In this project, we aim to utilize machine learning approaches to build on such previous work from psychologists and neuroscientists. Due to the high variability and lack of resources in such a domain, the main objective is to continue building the path towards assistive interactive technologies for individuals with ASD. The task is to use gaze data to classify ASD; the research question is, can we classify individuals generally according to their gaze patterns. As eye tracking data can be sparse and labor intensive to retrieve, particularly for novel groups, we propose to extract the data using OpenFace (Amos et al., 2016). The data can be crawled from, for example, Youtube videos of people with ASD, specifically extracting varied group ages such that we can bin subtypes. The goal here would be to classify ASD with gaze information using a ML approach, and then to further conduct in-depth analysis on variations of gaze patterns specific to variables such as age.
Supervisor: Ekta Sood
Distribution: 20% Literature, 30% Data Collection, 30% Implementation, 20% Data Analysis and Evaluation.
Requirements: Interest in cognitive science (particularly with the human visual perception) and assistive technologies, familiarity with data processing and analysis/statistics, experience with machine learning. It would also be helpful to have exposure to the following frameworks — Tensorflow/PyTorch/Keras.

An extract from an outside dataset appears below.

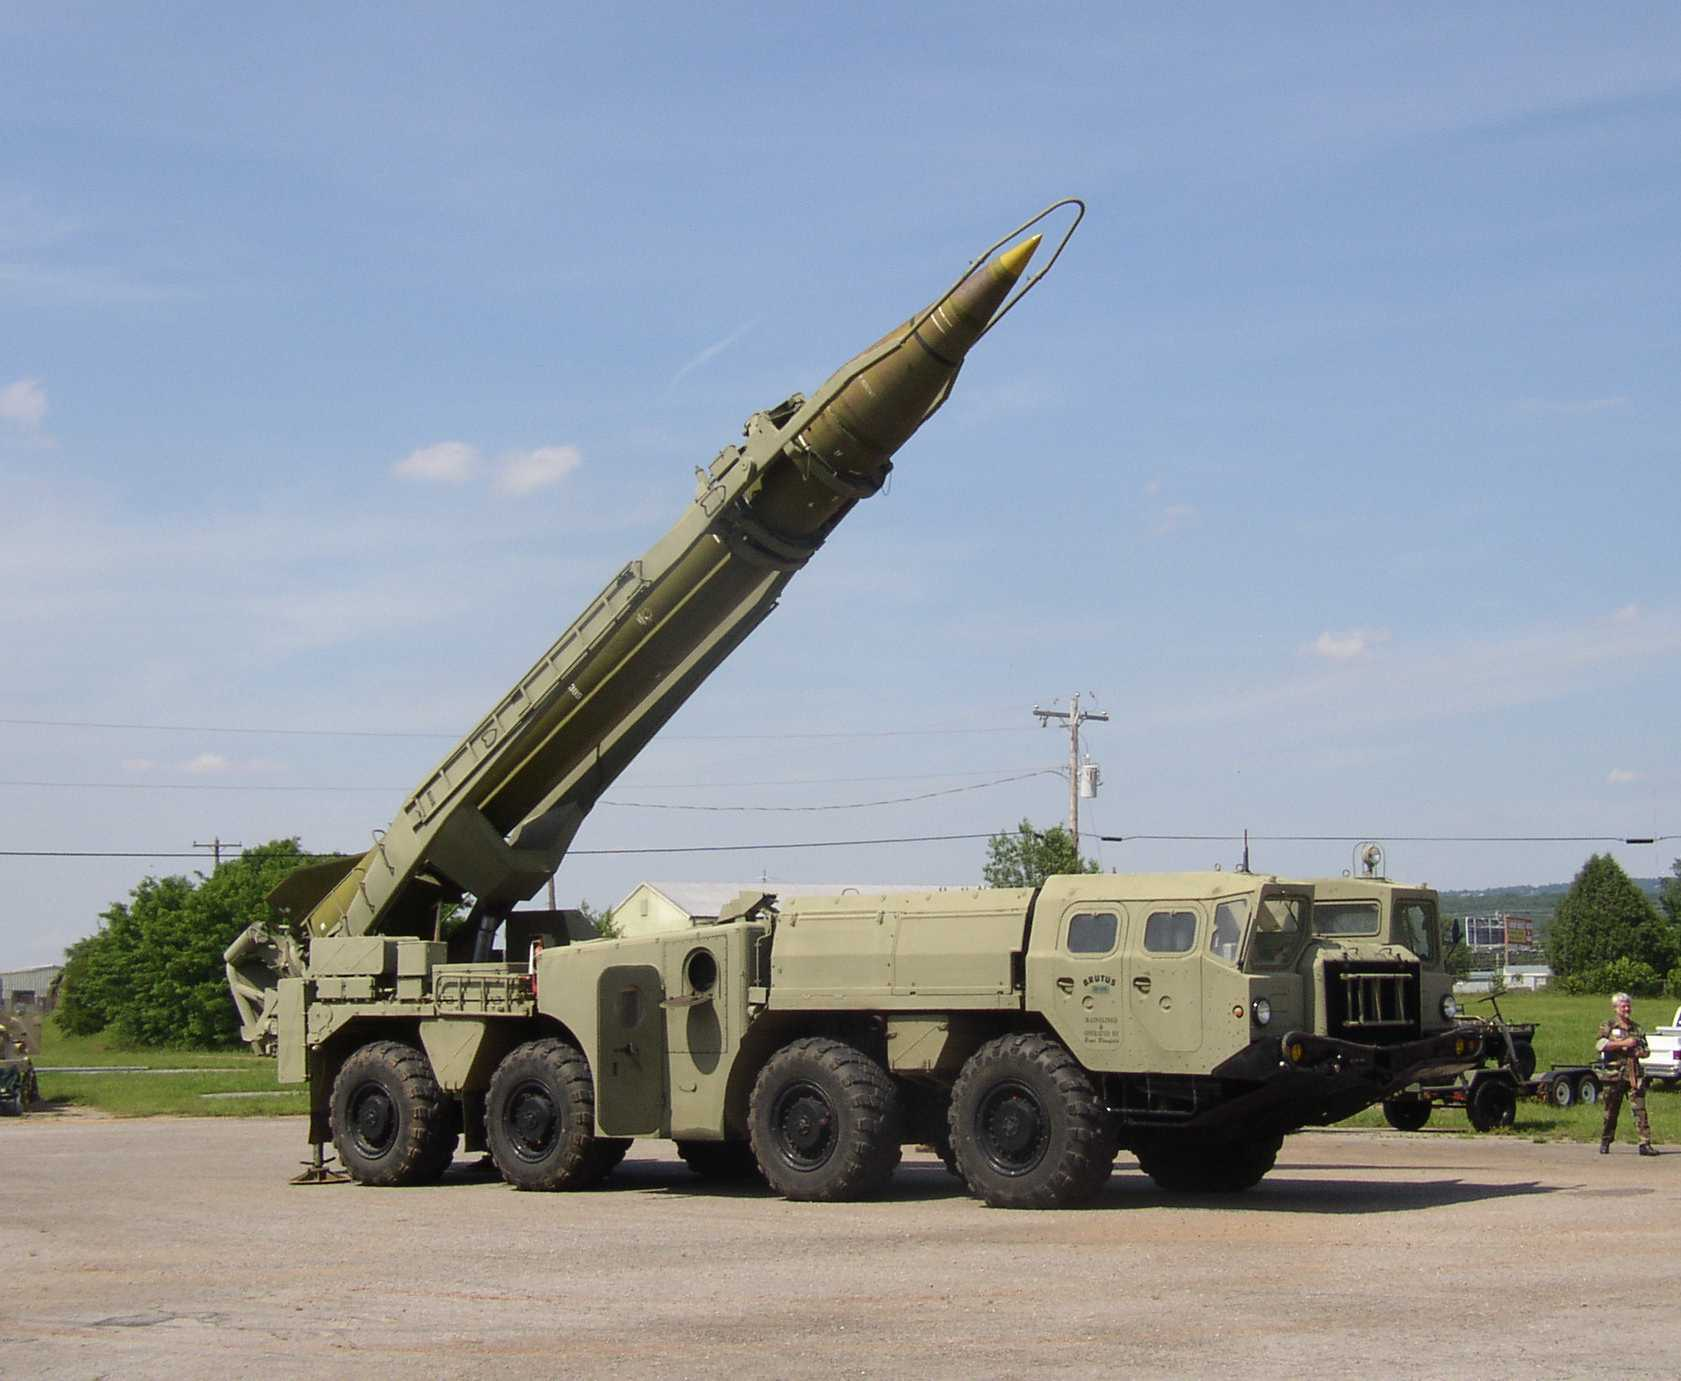 وحدات الدفاع الجوي الجزائري بالمصادر و صفقاته....... و الصواريخ الجزائرية - صفحة 2 Scud3a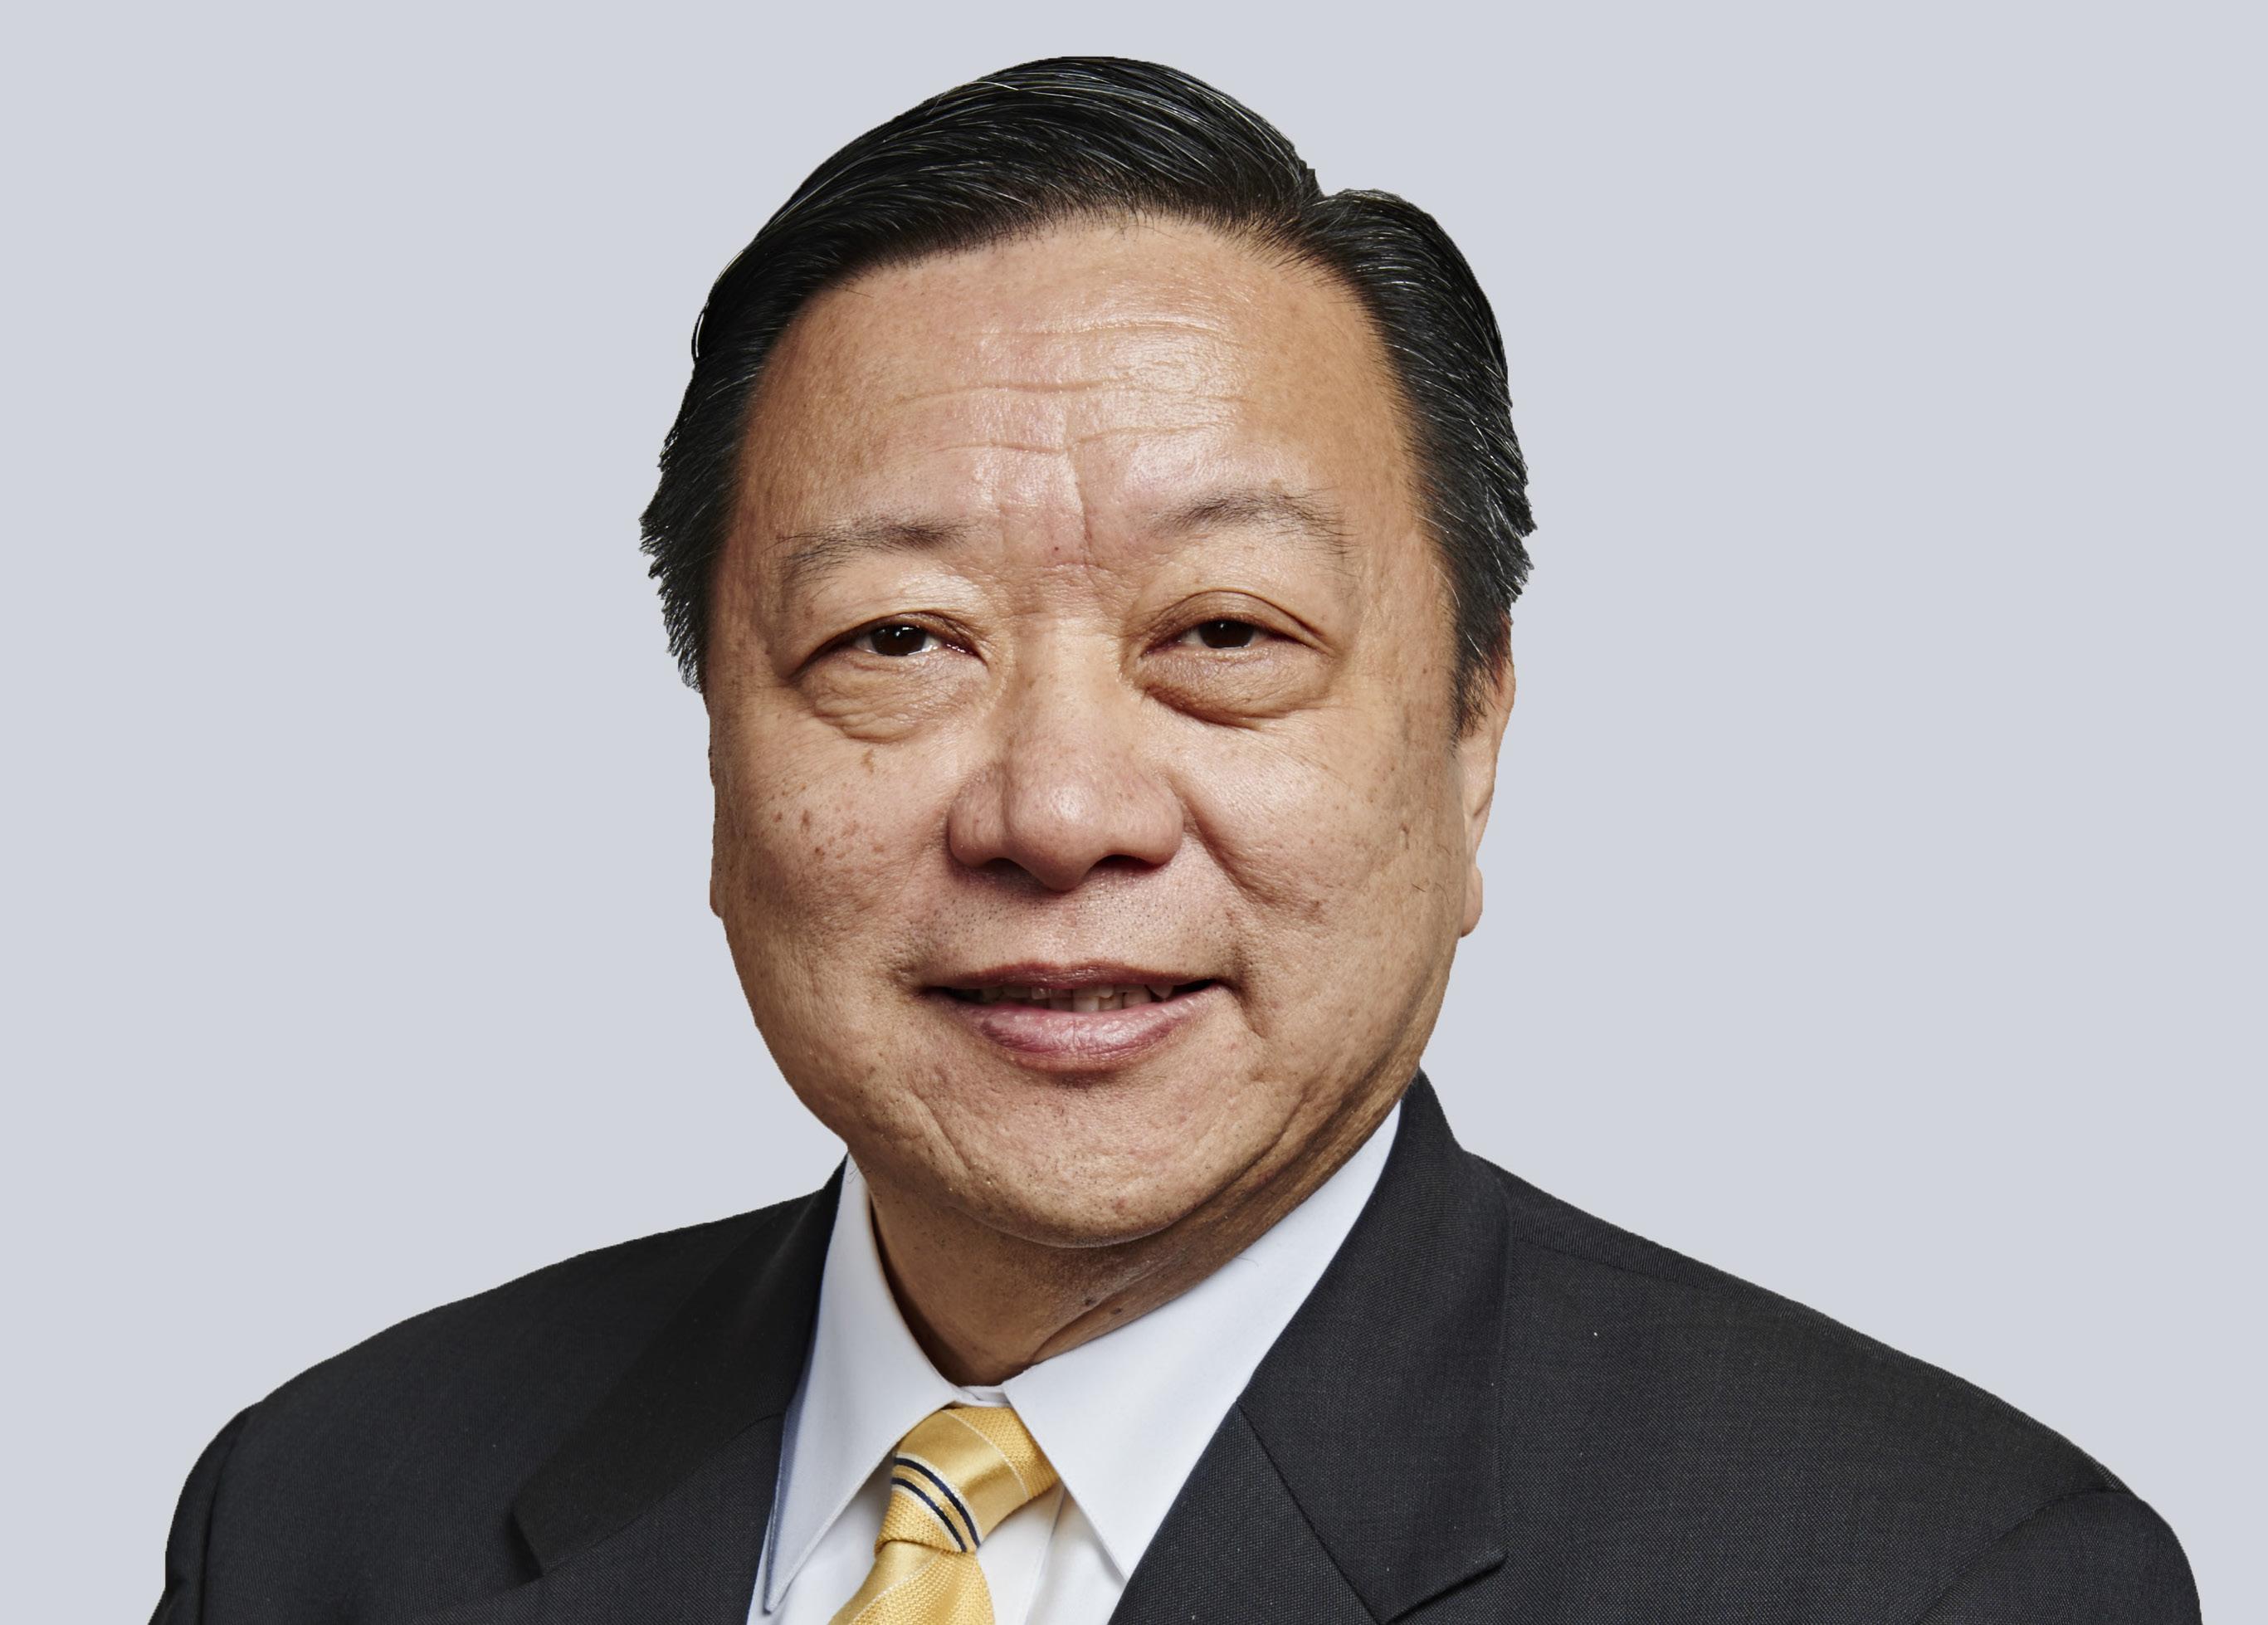 Tse Sang Lee

Literature: Brandon Amos, Bartosz Ludwiczuk, and Mahadev Satyanarayanan. 2016. Openface: A general-purpose face recognition library with mobile applications. CMU School of Computer Science, Technical Report CMU-CS-16-118.
Michaela Regneri and Diane King. 2016. Automated discourse analysis of narrations by adolescents with autistic spectrum disorder. Proceedings of the 7th Workshop on Cognitive Aspects of Computational Language Learning.
Victoria Yaneva, Irina Temnikova, and Ruslan Mitkov. 2015. Accessible texts for autism: An eye-tracking study. Proceedings of the 17th International ACM SIGACCESS Conference on Computers & Accessibility (ASSETS).